We investigate the learned distributions of offsets via histogram visualization of offsets from different Prompt guided Token Mixer Modules (PTMMs). The $i$ and $j$ of $\operatorname{PTMM}\_{i}\_{j}$ denotes the offsets of $j^{th}$ PTMM from $i^{th}$ PTMB. We have the following observations: 1) As the depth increases, the learned offsets first expand to a larger range and then shrink to a smaller range. This hints that the model learns to extract local information for the query token at shallow layers.
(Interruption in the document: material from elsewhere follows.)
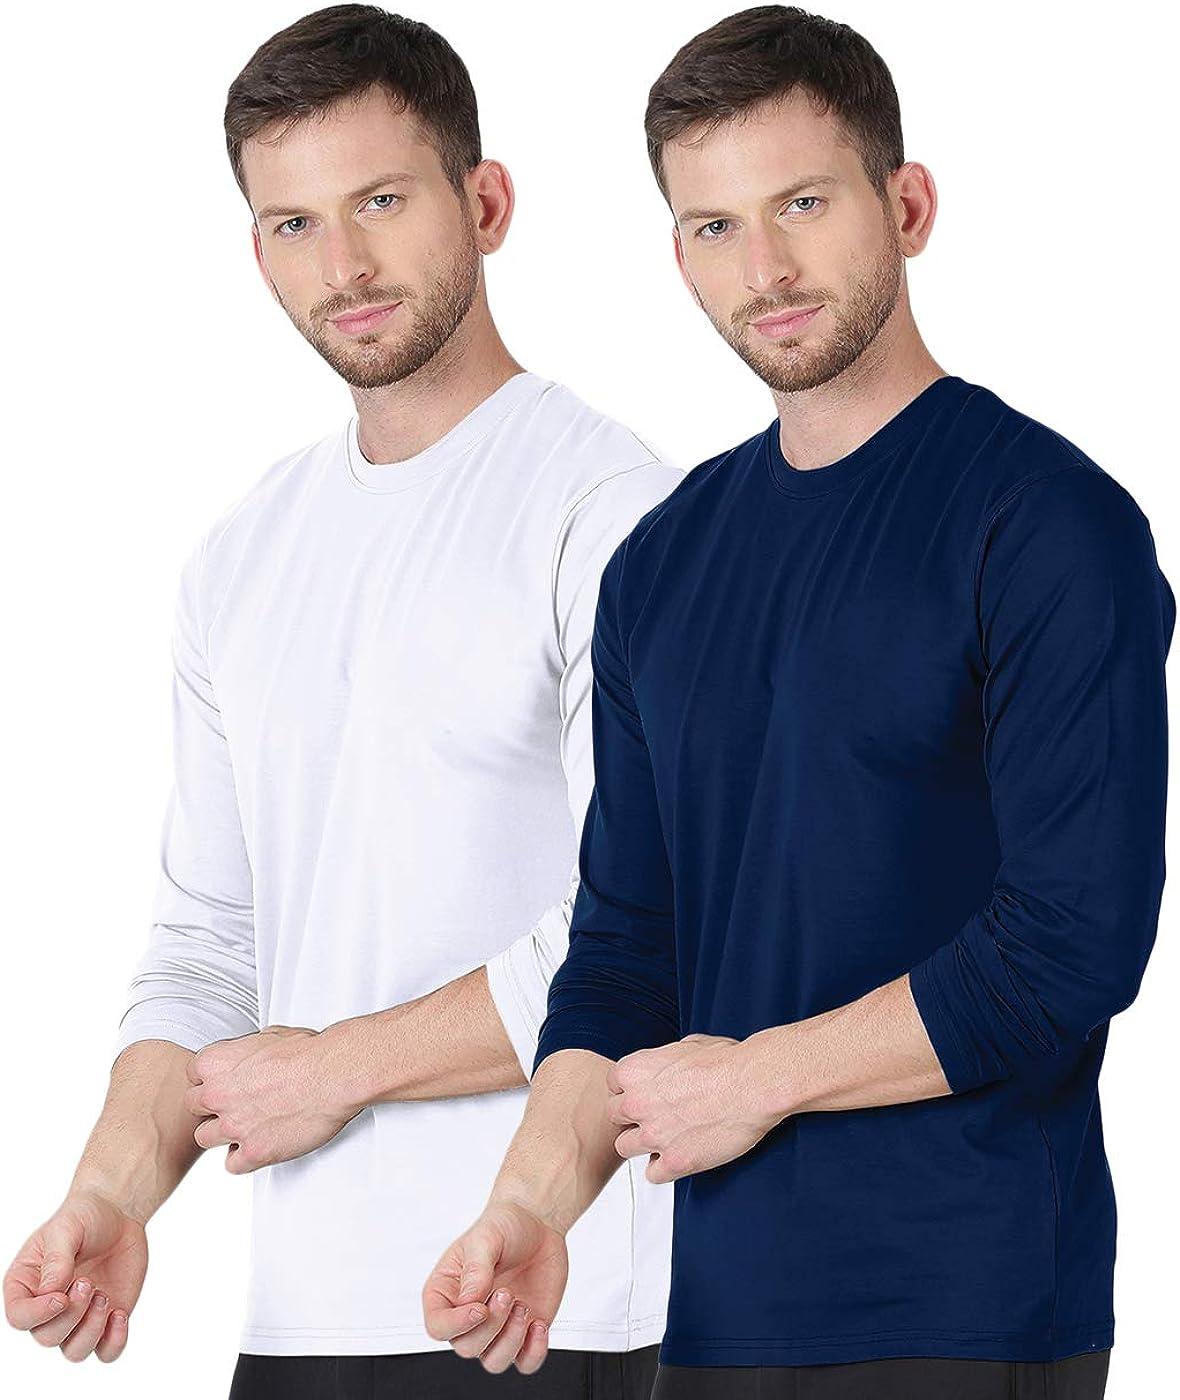 Babu Fashion Cotton Regular Full Sleeves T-Shirt for Men,t shirt for mens india, t shirt for men online, polo t shirts, sport t shirt, black t shirt, blue t shirt, white t shirt,Amazon,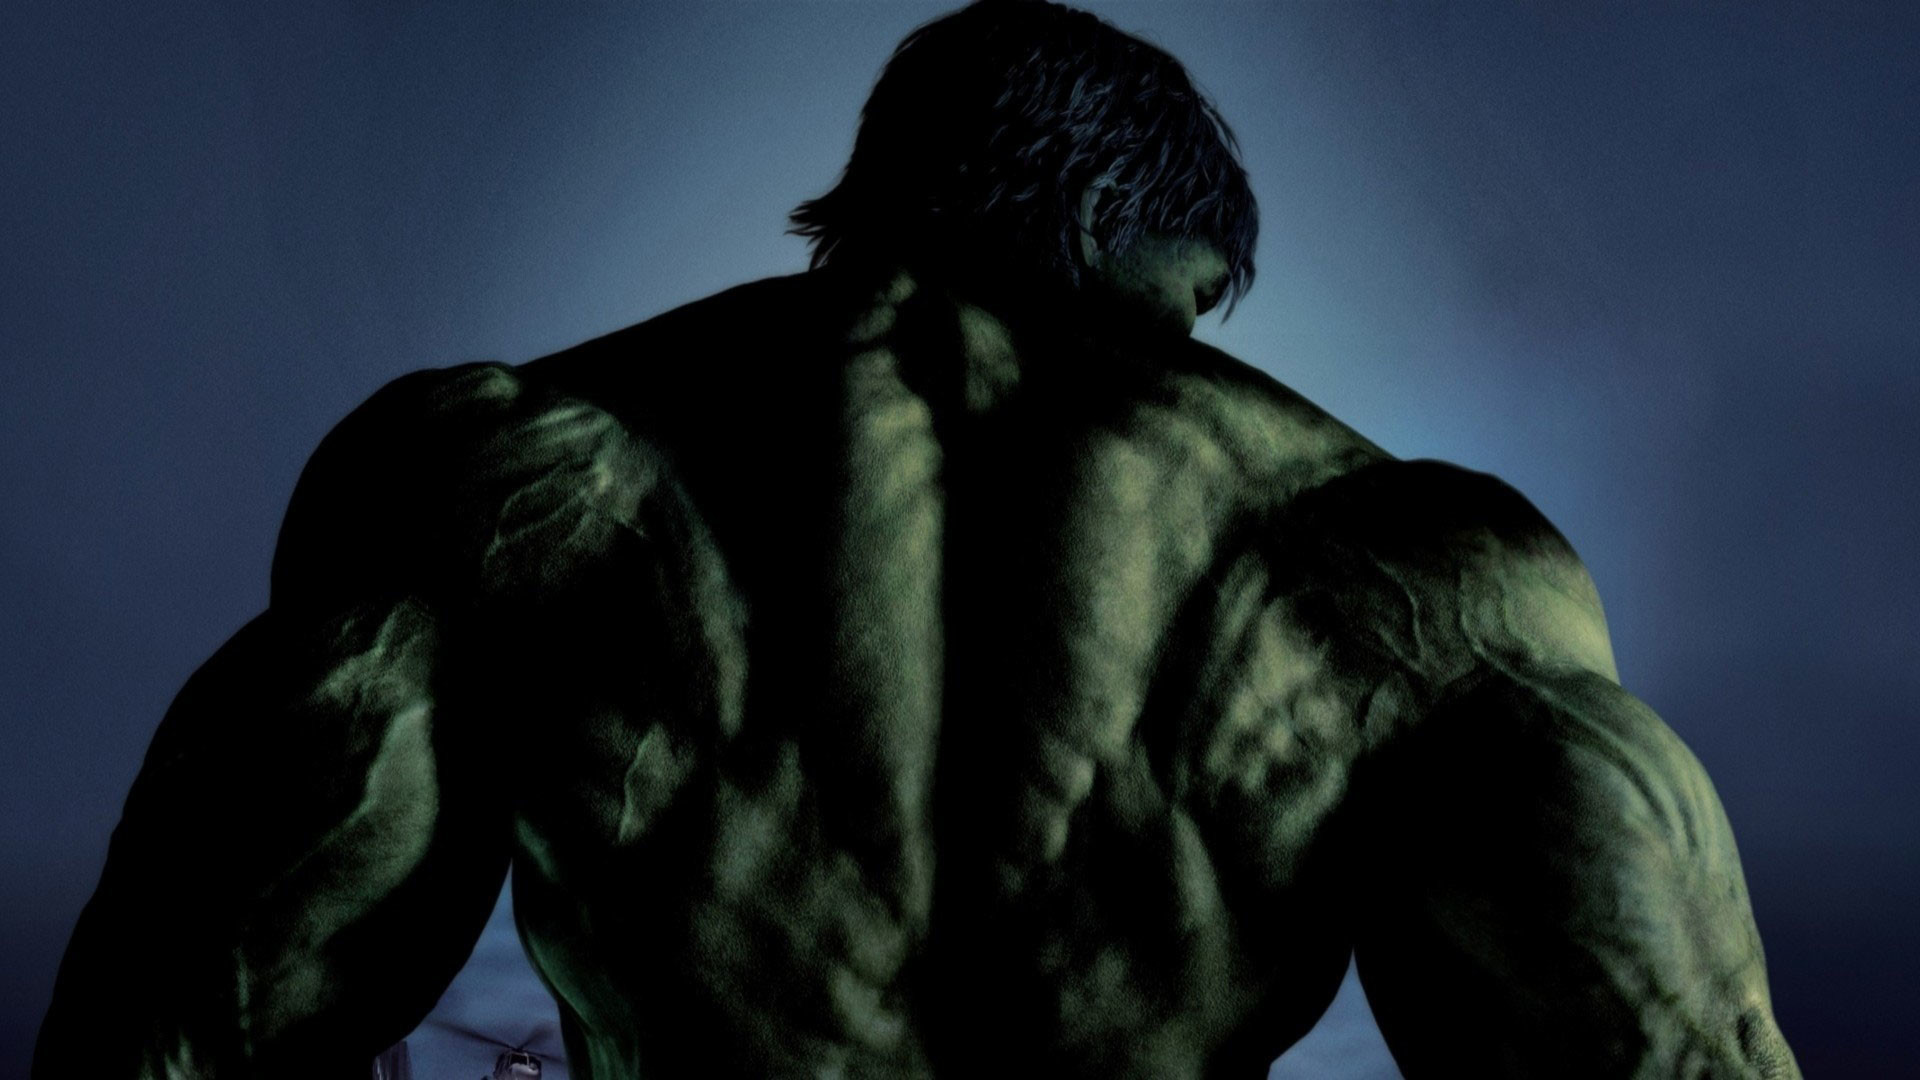 hd pics photos stunning attractive hulk 11 hd desktop background wallpaper

In the middle layers, the model leverages the offsets to aggregate the global-wise information to perform better token mixing. At the last layers, the distortions contained in image features are mostly removed, therefore the model focuses more on using local information again to refine the query tokens for the reconstruction purpose. 2) The distribution of offsets from middle layers differs among various codecs. We attribute this to the guidance from task-specific prompts. Since the distortion varies among different codecs, the visualization of learned offsets validates that our prompts are capable of providing adaptive guidance against various distortions, thus leading to better performance in the CSR tasks [67, 24]. 3) The offsets expand to a wider range for learning-based codecs compared to traditional codecs. We believe this is because the distortion introduced by learning-based codecs is more challenging to eliminate compared to that from traditional codecs, necessitating broader ranges of offsets to extract useful information for query tokens.

7 More Visual Results

We provide more visual comparisons between our UCIP with state-of-the-art methods on different codecs and different compression qualities within a single codec. UCIP shows clearer textures and less artifacts in super-resolved images, indicating that our prompts and offsets are adaptive and robust against various degradations.